In 1945, the gap in U.S. intelligence about its former ally and new enemy, the Soviet Union, was abysmal. Russia! Communists! Russia! Soviet Union! Who speaks their crazy languages anyway? Few American military men knew anything about those boundless expanses and enigmatic peoples in the East reaching nearly to America. Soviet studies quickly blossomed in American academia. The military began training first hundreds, then thousands of recruits in the languages of East Europe. While anti-Soviet, anti-Russian propaganda intensified, the American mood quickly turned anti-Soviet, anti-communist. The Cold War was revving up. The U.S. wartime OSS intelligence regrouped and in 1947 was reborn as the CIA. Gehlen was one of its cornerstones; some observers even consider Gehlen a co-founder of the Central Intelligence Agency. Reinhard, the man of light and dark, offered his precious intelligence treasures about America’s great enemy. And he brought with him those hundreds of German East European specialists some of which I had occasion to meet later.

In retrospect, Gehlen’s role in US intelligence—as far as the Soviet Union in the first ten postwar years is concerned—appears as a case of the tail wagging the dog. The CIA hired him and his people, paid them while it learned from Gehlen Org just what Soviet Russia was all about. The U.S. Embassy in Moscow functioned but what did it know about the gritty-gritty of its Soviet ally’s military operations. Gehlen had to know his time was limited. CIA patience was limited. So he worked fast. And his hands were everywhere in the defeated and destroyed Germany. One said that every German prisoner of war returnee from Soviet internment was processed by Gehlen … like being interrogated by the SS. But also by American military intelligence organizations in effect many still managed by the Gehlen Org in Munich. Why? Because the Germans knew the right questions to ask.

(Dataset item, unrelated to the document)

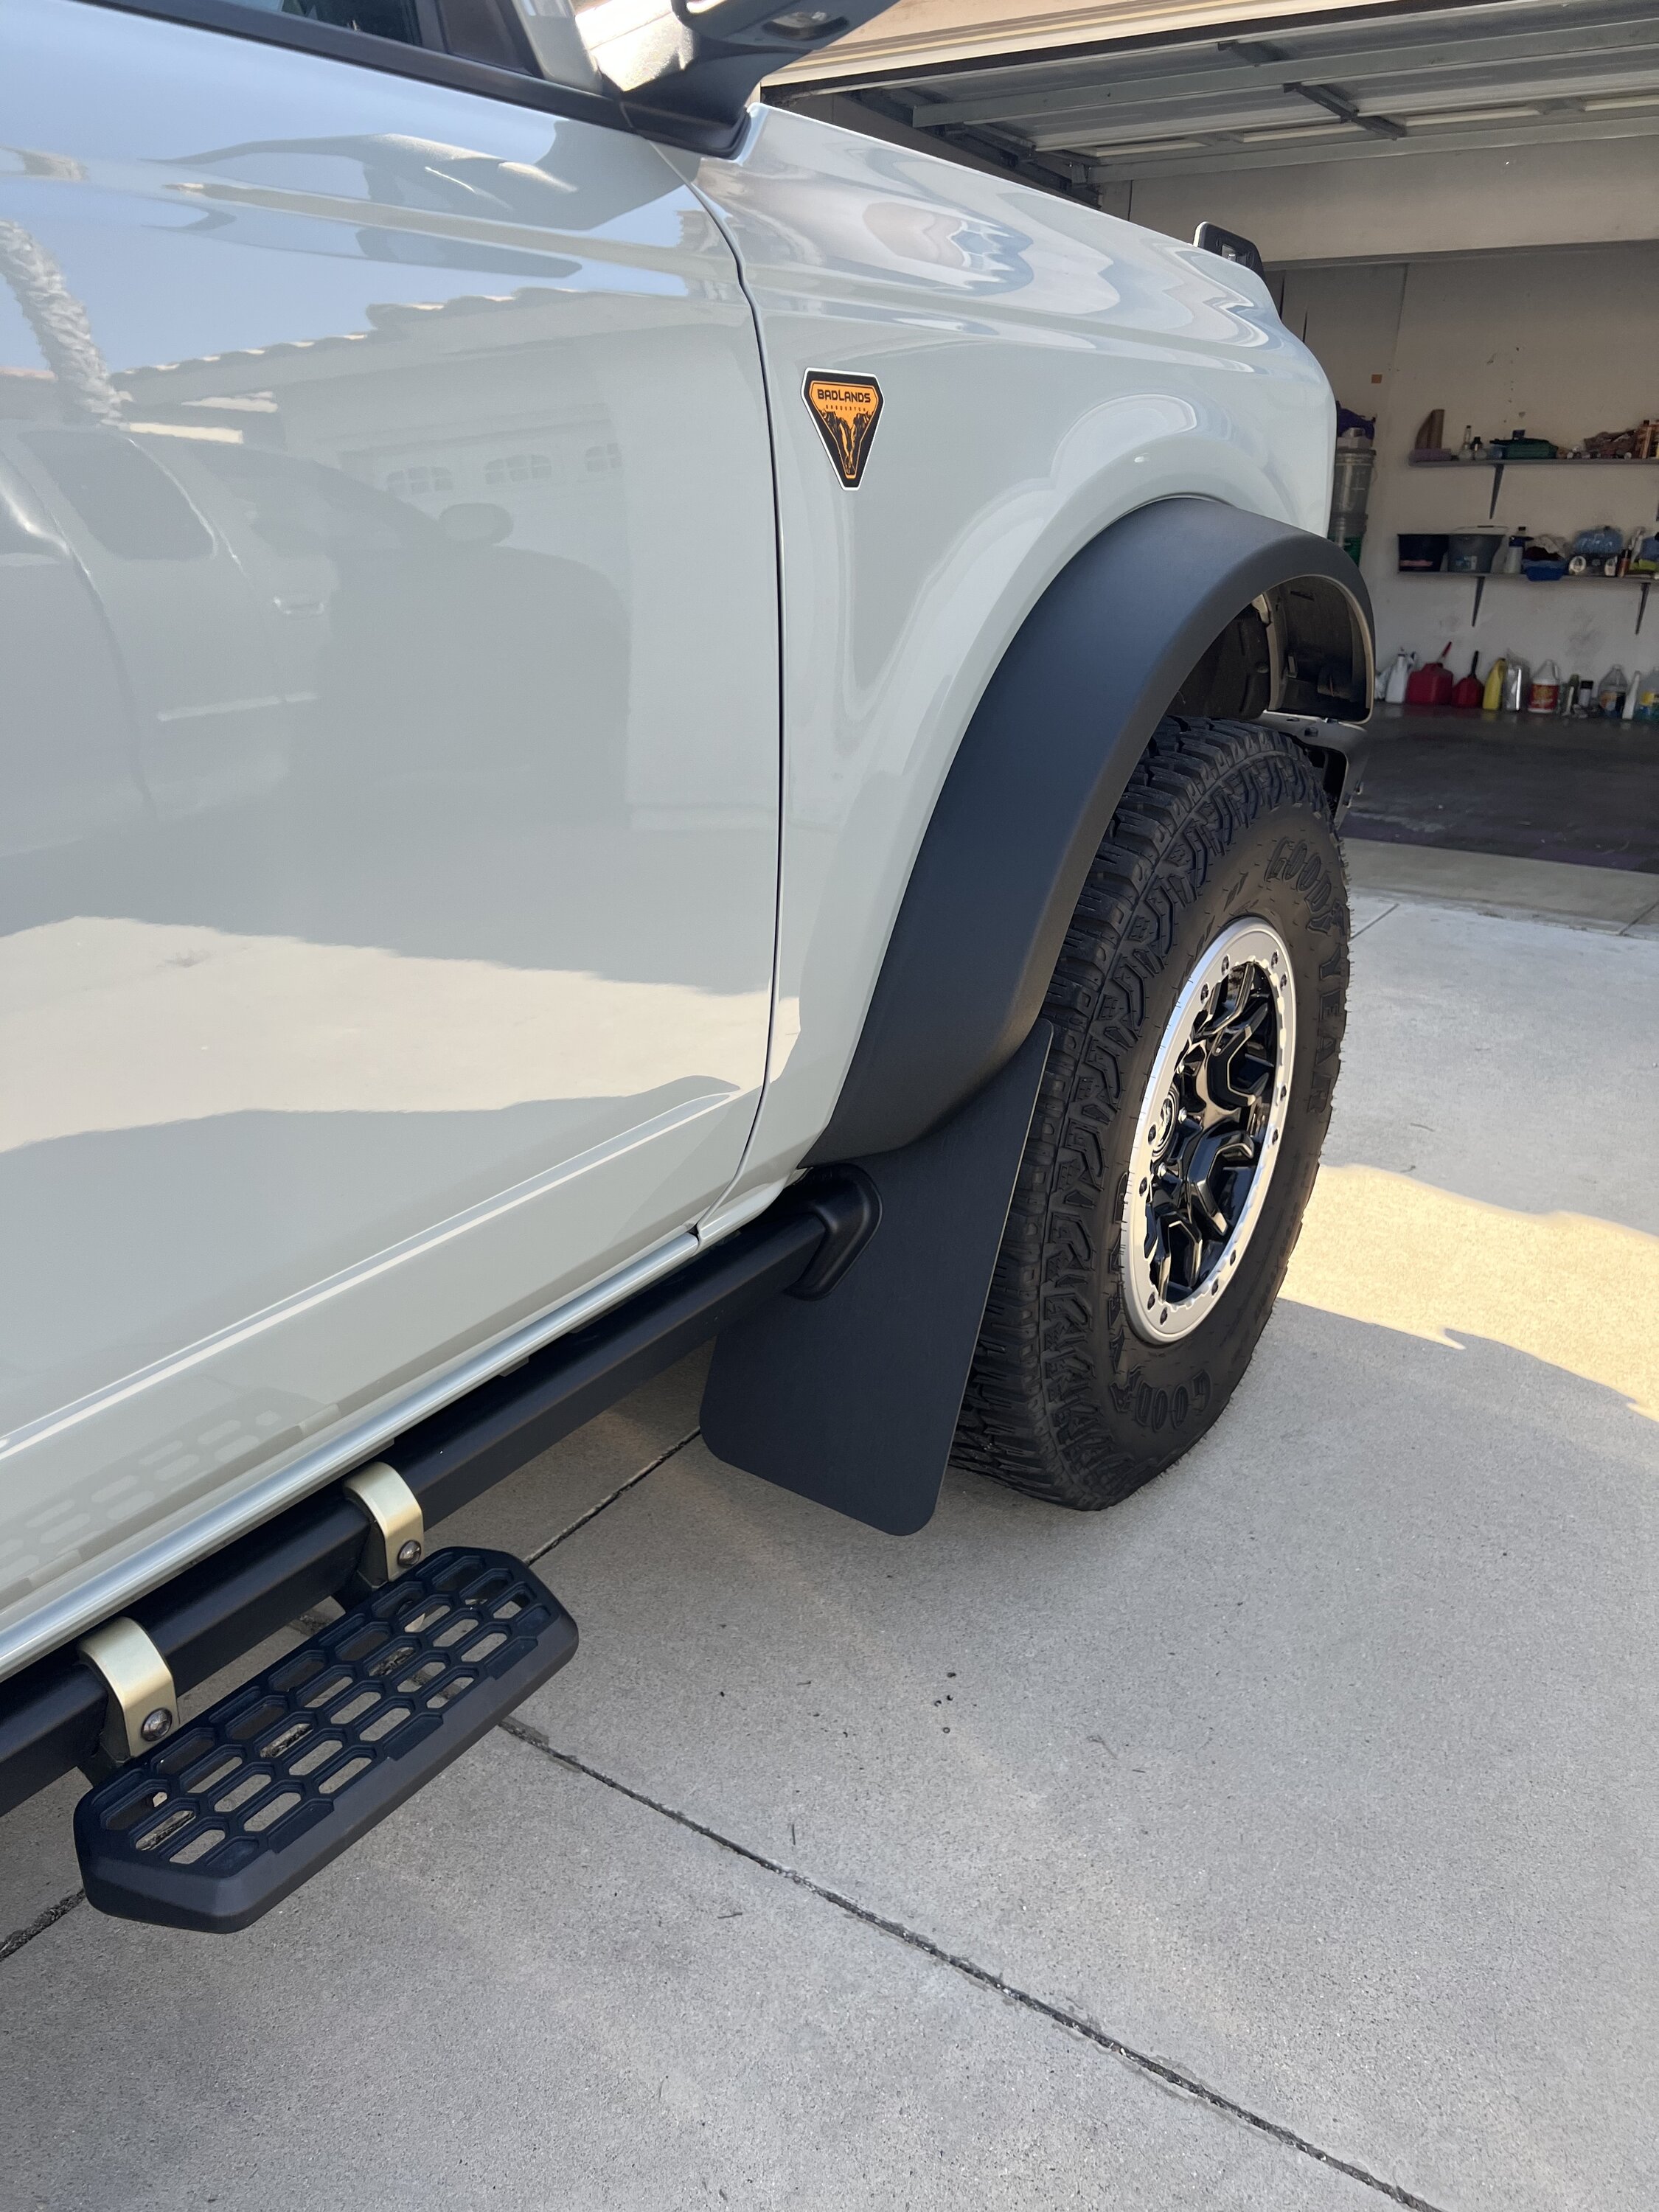 Ford Bronco BLUMAK3D Mud Flaps Install and Review 5D0EC6A7-B5DA-4A6D-ABA6-A15B2A2FFF04

Clashes of interest were inevitable. Secretive, ambiguous Gehlen was all the while contriving his German future, which was realized in 1956 when he became the first President of the Federal Intelligence Service, (BND).The CIA controlled the Gehlen Org and the fictitious country of Germany itself but it could not control as in the decade before a secret intelligence service headed by an ambitious man like Reinhard Gehlen accustomed to a controller role. CIA domination and control of Gehlen’s BND must have gradually transformed into a sort of Big Brother—Little Brother relationship. We may assume it remains the same in the U.S. occupied Federal Republic of Germany, now today straining at the leashes toward a new relationship with its old foe, Russia. It was always as much Russia as it was Communism that Hitler’s Nazism opposed. Yet, it has long been a love-hate-envy relationship, that of Germany and Russia. The two countries simply have too many common interests to stay apart forever. When and if Nord Stream 2 opens, untold change in the Russian role in Europe will arrive together with Russian gas. And ironically German-Russian relations are the key.